How Do I Make Sure That my Mom is Improving and Recovering Whilst on ECMO in the ICU?
“You can also check out previous 1:1 consulting and advocacy sessions with me and Juan here.”
Patrik: Yeah. I’ll tell you how they might go around it, if they can’t turn her. They would need to use like a ceiling hoist, a hoist machine, and lift her in the ceiling, so they can take off the pressure off her back wash her back. Someone can look at her back while they are hosting her. That is the only way. And I’ve looked after many patients on ECMO that you can’t turn, because they are too unstable. And the way to manage them is, most bed spaces where I worked at and we had patients on ECMO, there was a ceiling hoist in the bed space, and we were using the hoist to lift patients up. Because you’re not changing much of their position, you’re just lifting them up, that’s how they stay hemodynamically stable, and that’s how you manage the pressure sore. Now, I don’t know whether there is a ceiling hoist where your mom is or not.

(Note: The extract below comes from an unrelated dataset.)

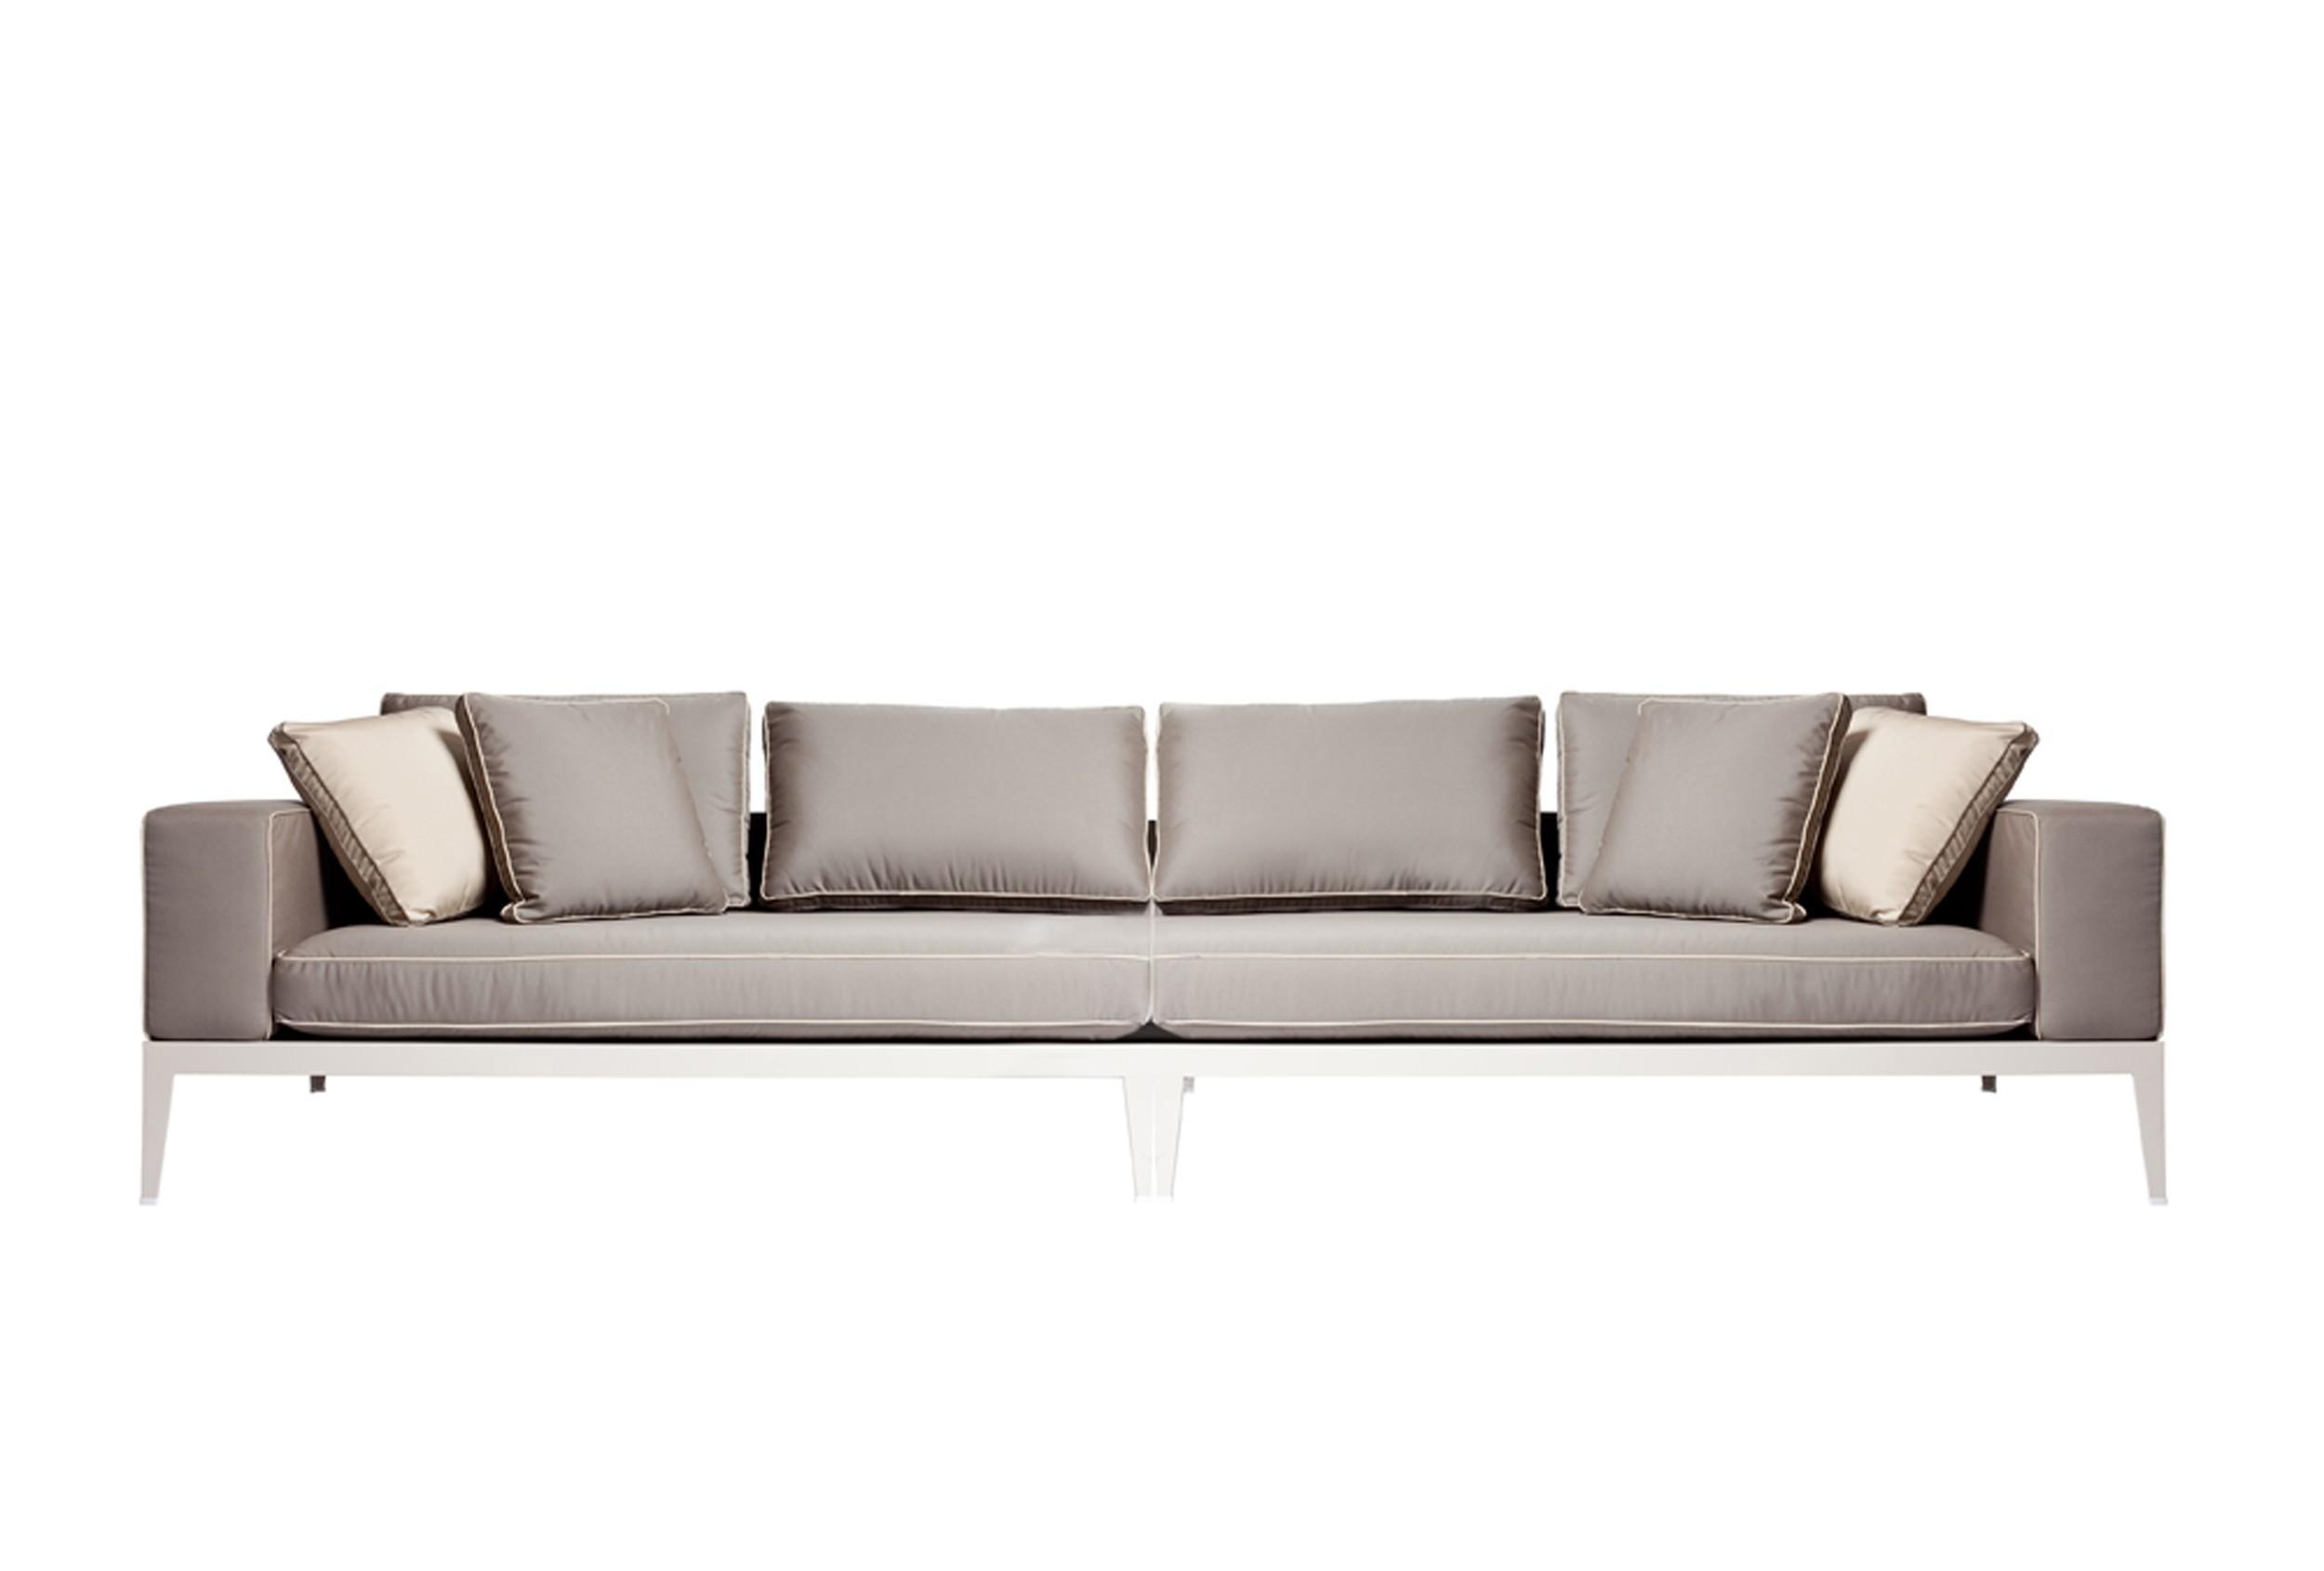 Balmoral 4 Seater Sofa | Viesso Regarding 4 Seater Sofas (View 7 of 20)
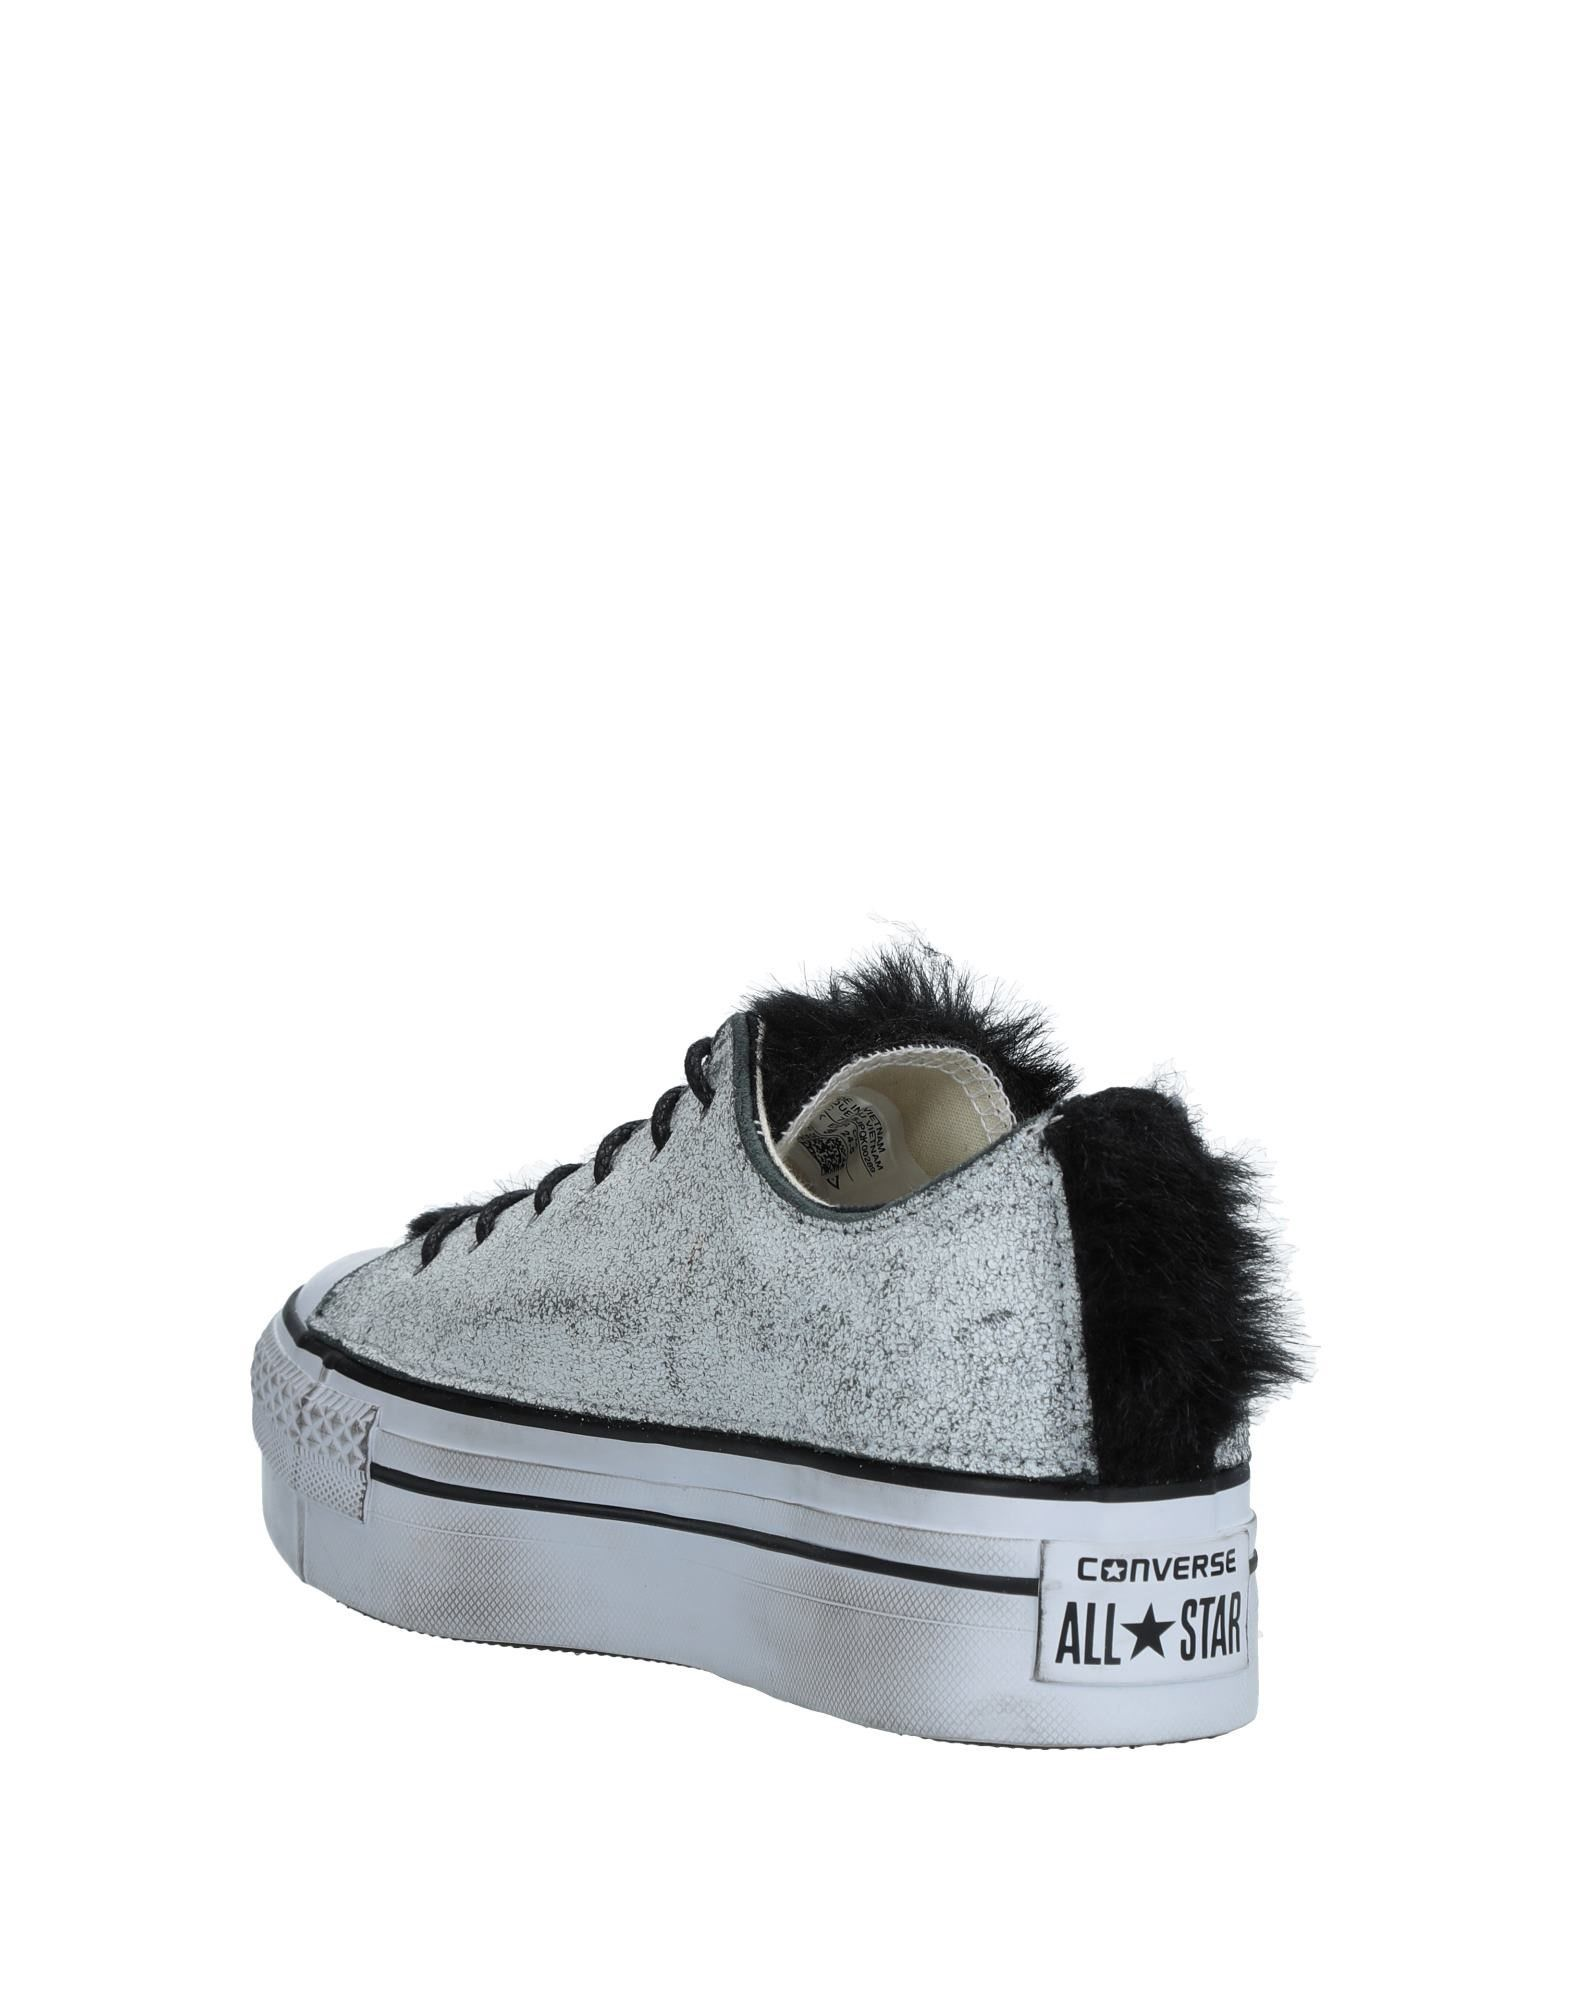 Gut Edition um billige Schuhe zu tragenConverse Limited Edition Gut Sneakers Damen  11540947AV f4964c

Juan: I don’t know either. We have to ask.
Kevin: We’ll ask them.
Juan: We’ll ask them.
Patrik: Yeah. You definitely have to ask them.
Juan: Okay.
Patrik: Because if she keeps improving, you don’t want the pressure sore to…
Juan: … throw that off.
Patrik: … throw that off.
Juan: Yeah, I understand. So I think we can just ask them about the hoisting, and if they have that there and how are they thinking about lifting her up.
Patrik: Yeah.
Juan: Okay, sounds good.
Patrik: Okay. All right. Let me know if you want to talk later.
Kevin: Thank you.
Patrik: Thank you.
Juan: Yeah. As soon as we have another update or something, we’ll just forward you the images as well.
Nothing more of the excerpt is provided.